Verfassungsschutzgutachten: Kein Freispruch erlaubt!

Das Gutachten zum angeblichen Rechtsextremismus der AfD beschäftigt sich auch mit der Frage des Antisemitismus der Partei. In der Beschäftigung mit dem Thema entlarvt sich der Verfassungsschutz als Schaugericht: Wer vor dem Richter steht, kann nicht unschuldig sein.

picture alliance / CHROMORANGE | Michael Bihlmayer
Das Gutachten zum angeblichen Rechtsextremismus der AfD beschäftigt sich auch mit der Frage des Antisemitismus der Partei. In der Beschäftigung mit dem Thema entlarvt sich der Verfassungsschutz als Schaugericht: Wer vor dem Richter steht, kann nicht unschuldig sein.

Das Gutachten, auf dessen Grundlage der Verfassungsschutz die AfD als „gesichert rechtsextrem“ einstufen will, wurde an die Öffentlichkeit durchgestochen. Es entpuppt sich als eine Sammlung von Zitaten und Social-Media-Postings – Geheimdienstinformationen sind nicht zu finden. Doch entscheidend ist das Vorgehen: Der Verfassungsschutz hat sich bereits im Vorfeld eine Meinung gebildet und das Gutachten erstellt, um diese zu bestätigen. So wird die AfD als grundsätzlich antisemitisch eingestuft – Beweise für das Gegenteil werden nicht berücksichtigt. Ein Freispruch ist nicht möglich, denn über Unschuldige erarbeitet der Verfassungsschutz schließlich kein Gutachten.

Einer der Beweise, die den Antisemitismus in der AfD belegen sollen, ist ein Video des ehemaligen Bundestagsabgeordneten Florian Jäger. Er zog darin einen Vergleich zwischen der Rhetorik der Anstifter der Novemberpogrome von 1938 und der Rhetorik gegenüber ungeimpften Personen im Jahr 2021.

In einem Verfahren wegen Volksverhetzung wurde er in dritter Instanz freigesprochen.
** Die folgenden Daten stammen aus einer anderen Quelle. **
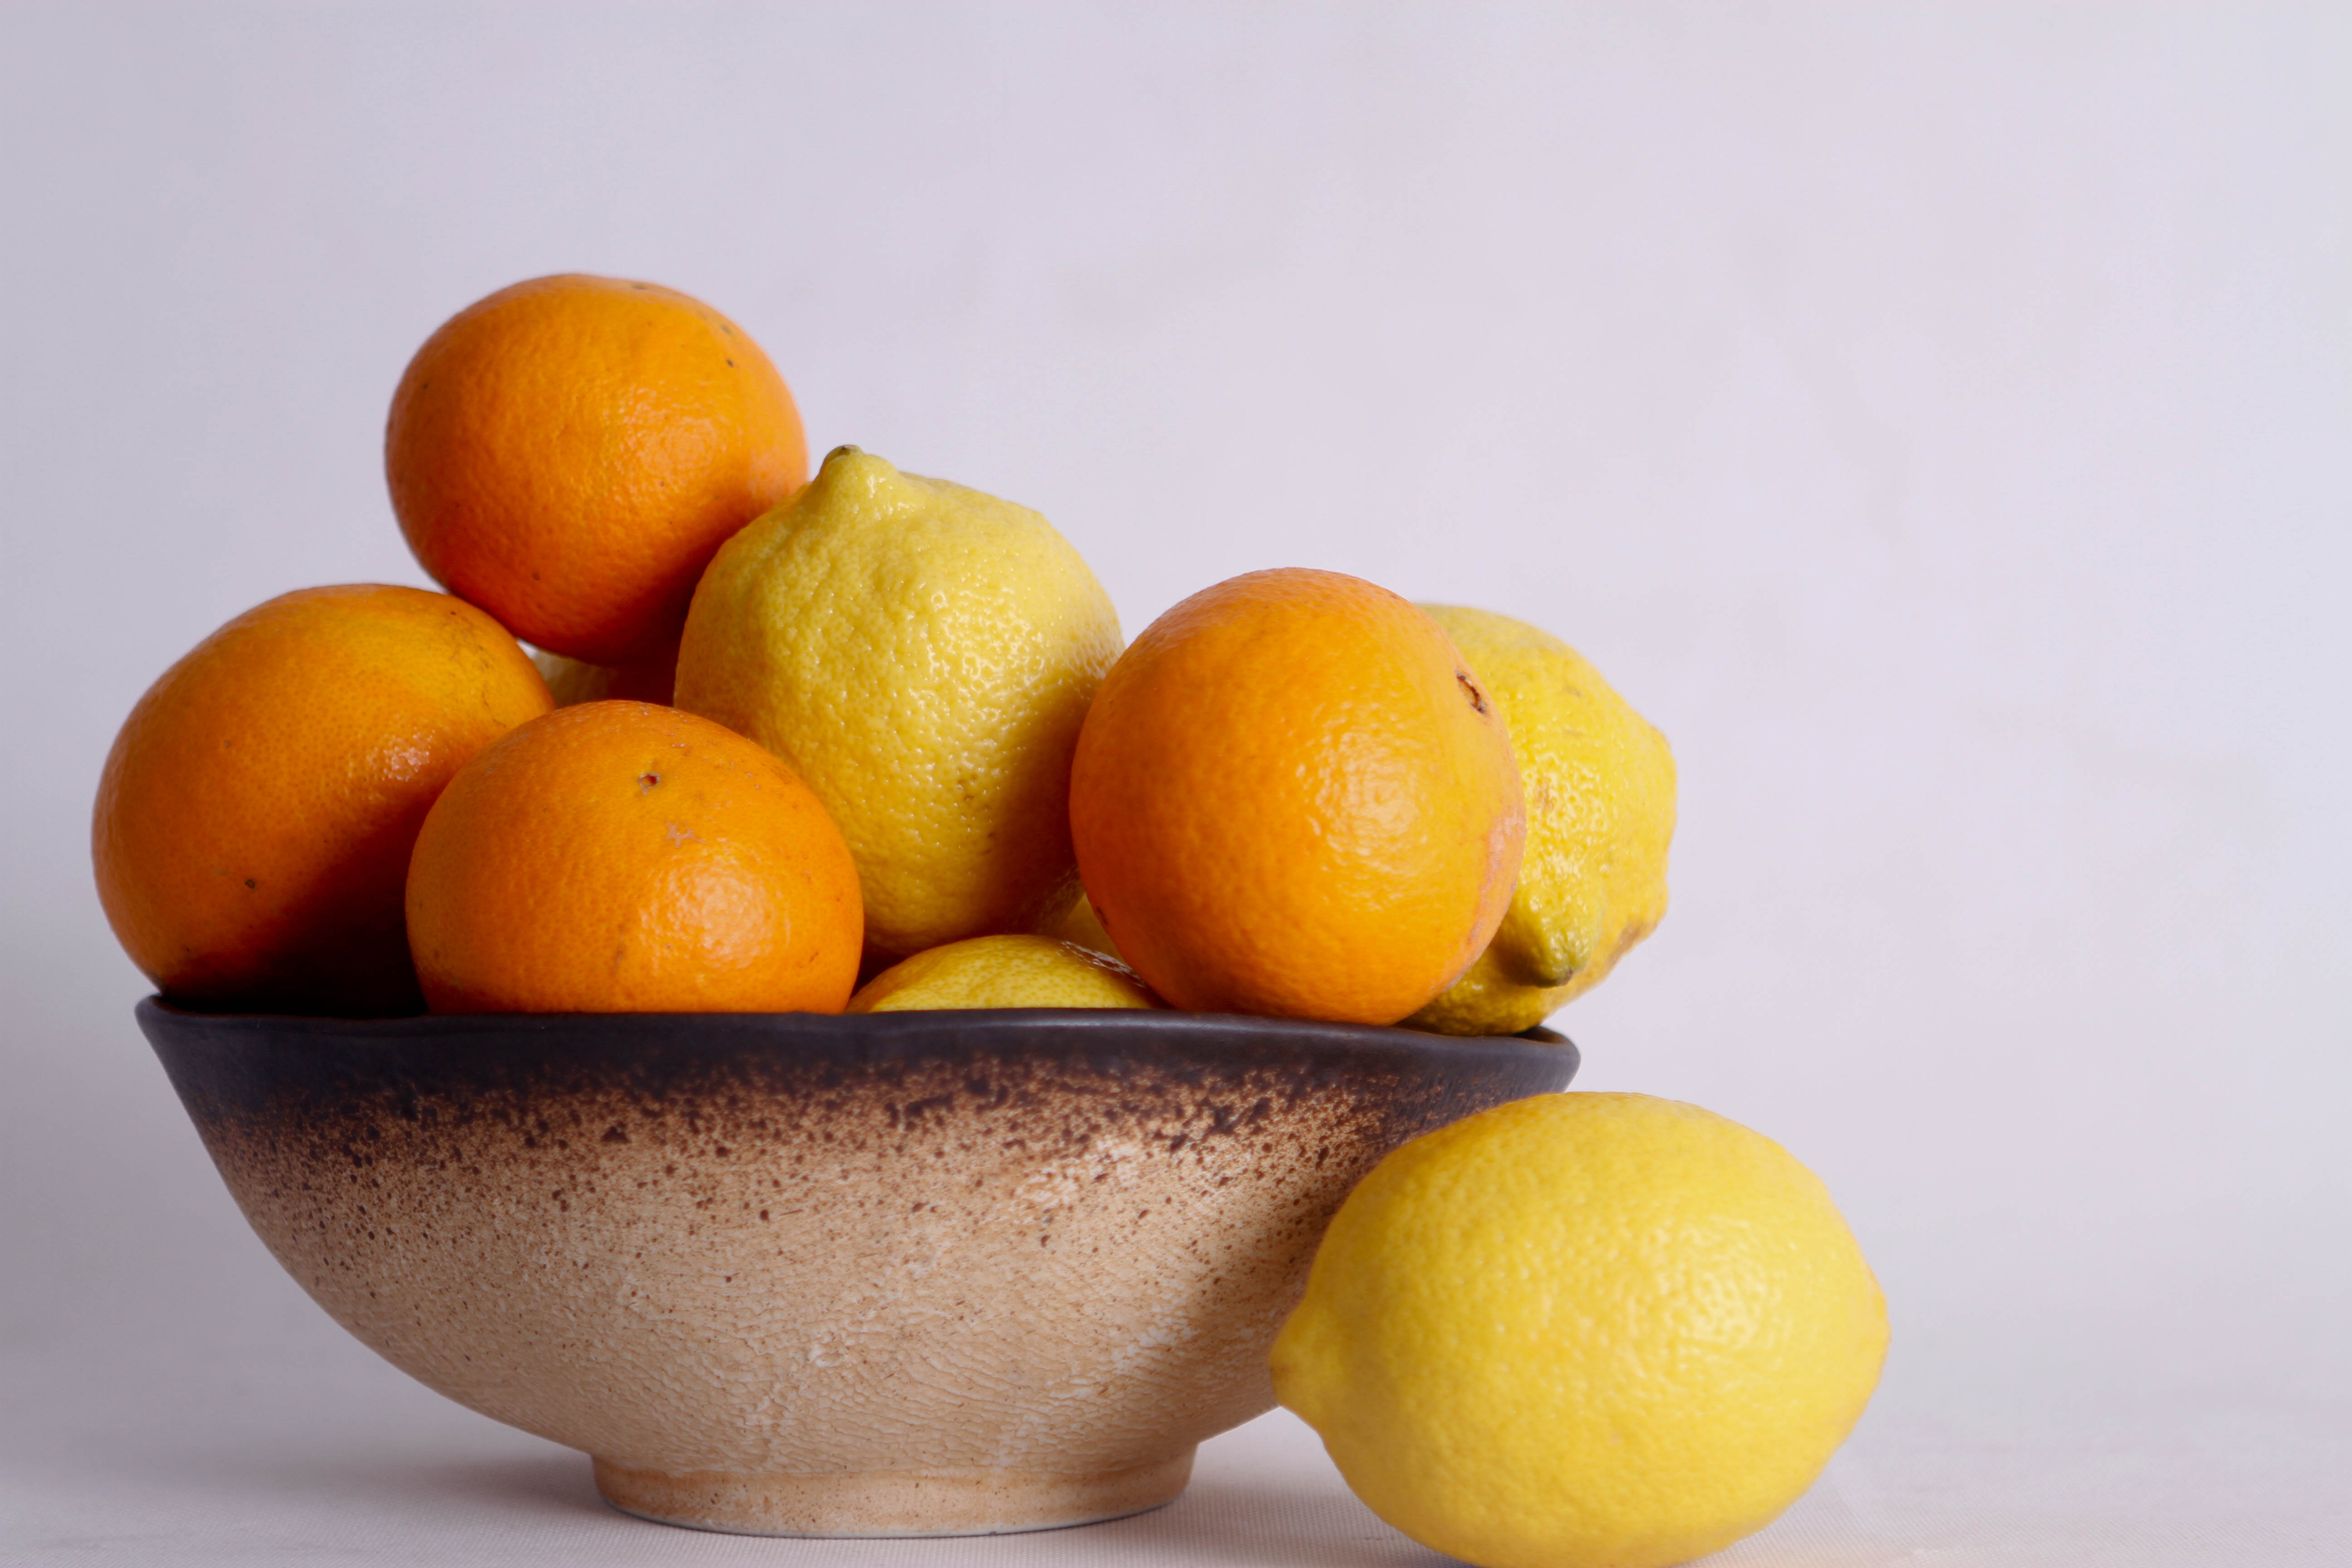 File:Oranges and Lemons.jpg - Wikimedia Commons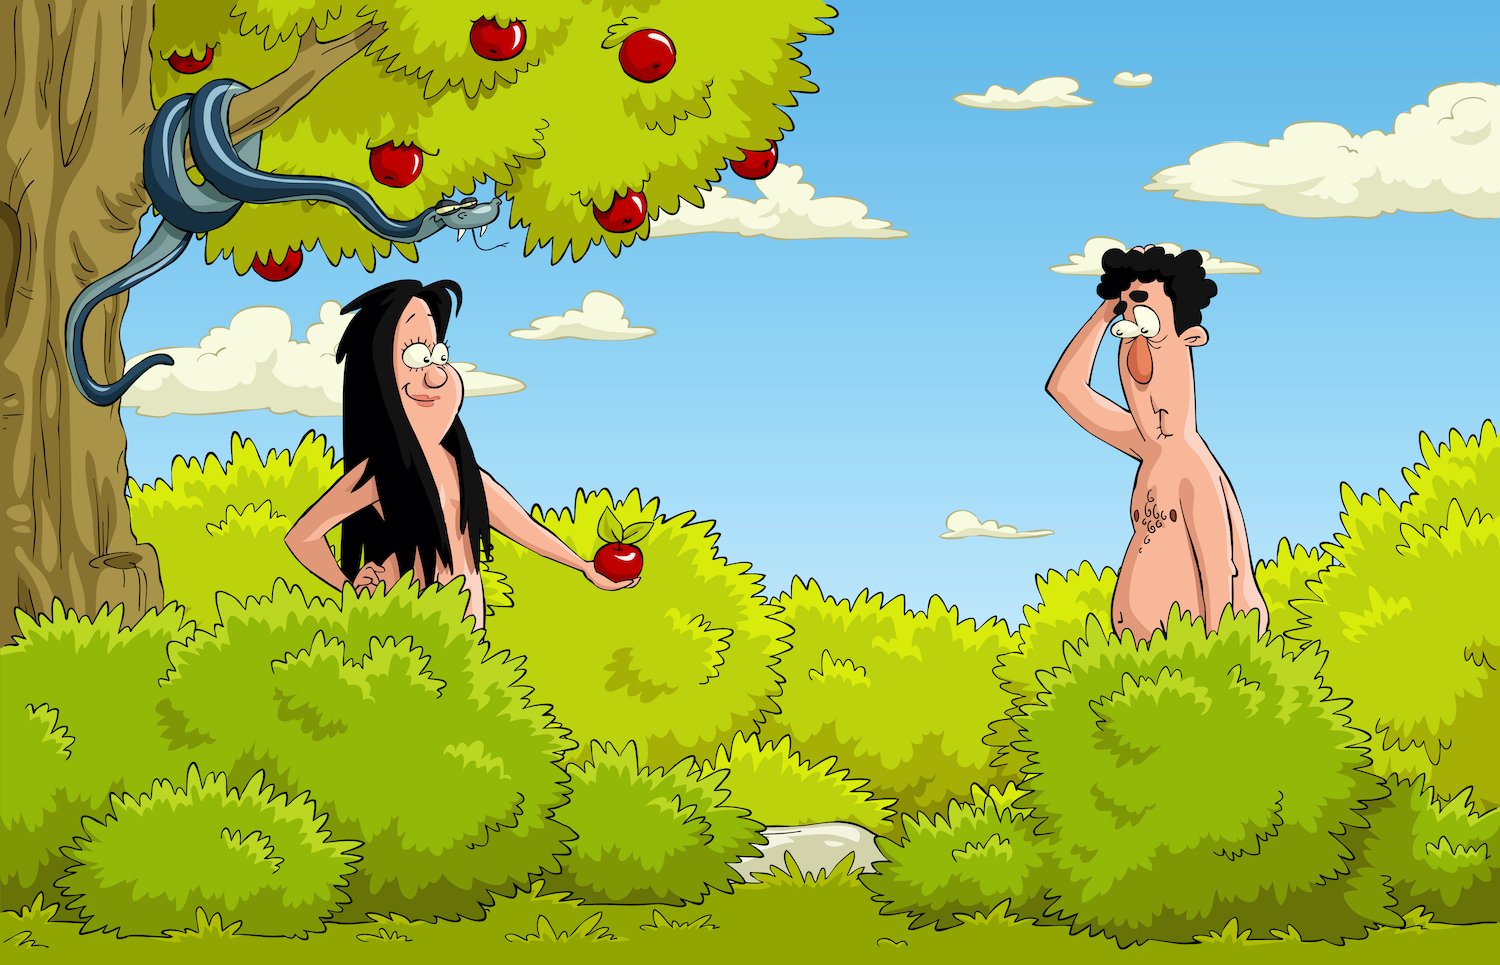 cartoonish representation of Adam and Eve in the Garden of Eden

Dieses Urteil will der Bundesverfassungsschutz aber nicht anerkennen.

Ein Freispruch vor Gericht bedeutet nichts

„Trotz der strafrechtlichen Bewertung des Bayerischen Obersten Landesgerichts kann die Aussage Jägers im Kontext der hiesigen Prüfung berücksichtigt werden, da die verfassungsschutzrechtliche Würdigung anderen Maßstäben folgt.“

Der Verfassungsschutz hat eben seine eigenen Maßstäbe.

Der Bundestagsabgeordnete Matthias Helferich muss sich vorwerfen lassen, dass unter einem seiner Facebook-Posts ein Dritter einen Judenstern mit der Aufschrift „Nicht geimpft“ postete – und Helferich diesen Post acht Wochen lang nicht löschte. Ist es nun Aufgabe von Bundestagsmitgliedern, Facebook zu moderieren?

Der Vorwurf der Verharmlosung der Verbrechen des Dritten Reichs sitzt im Verfassungsschutz locker. Dass nicht jeder geschmacklose Vergleich eine Gleichsetzung sein muss oder Antisemitismus darstellt, wird nicht akzeptiert. Der Abgeordnete Stephan Protschka schrieb auf X: „Ich bin jetzt ein Mensch zweiter Klasse, ich bin #Ungeimpft. Muss ich jetzt irgendeine Armbinde tragen?”

Alles ist Antisemitismus, wenn man nur will

Die AfD ist schuldig, auch wenn keine Schuld festzustellen ist, wie der Verfassungsschutz im Gutachten zum Thema Antisemitismus schreibt:

„Direkt geäußerter und unverstellt zum Hass gegen Jüdinnen und Juden aufstachelnder Antisemitismus ist dabei nicht festzustellen. Belegt werden kann hingegen die Verwendung klassischer antisemitischer Narrative, Motive und einzelner judenfeindlicher Ressentiments, die fast durchgängig durch Andeutungen, Codes und Chiffren ausgedrückt werden.“

Mit Chiffren und Codes ist die Kritik am Milliardär George Soros und die Verwendung des Begriffs „Globalisten“ gemeint. Die Kritik der AfD an Soros kann genauso gut auch Grünen und SPD angerechnet werden – nur mit dem Milliardär Musk statt Soros als kritisiertem Objekt. Und die Ablehnung von „Globalisten“ ist auch kein originärer AfD-Begriff. Doch wenn Anhänger der AfD diese Kritik vorbringen, konstruiert der Verfassungsschutz eine antijüdische Verschwörung daraus.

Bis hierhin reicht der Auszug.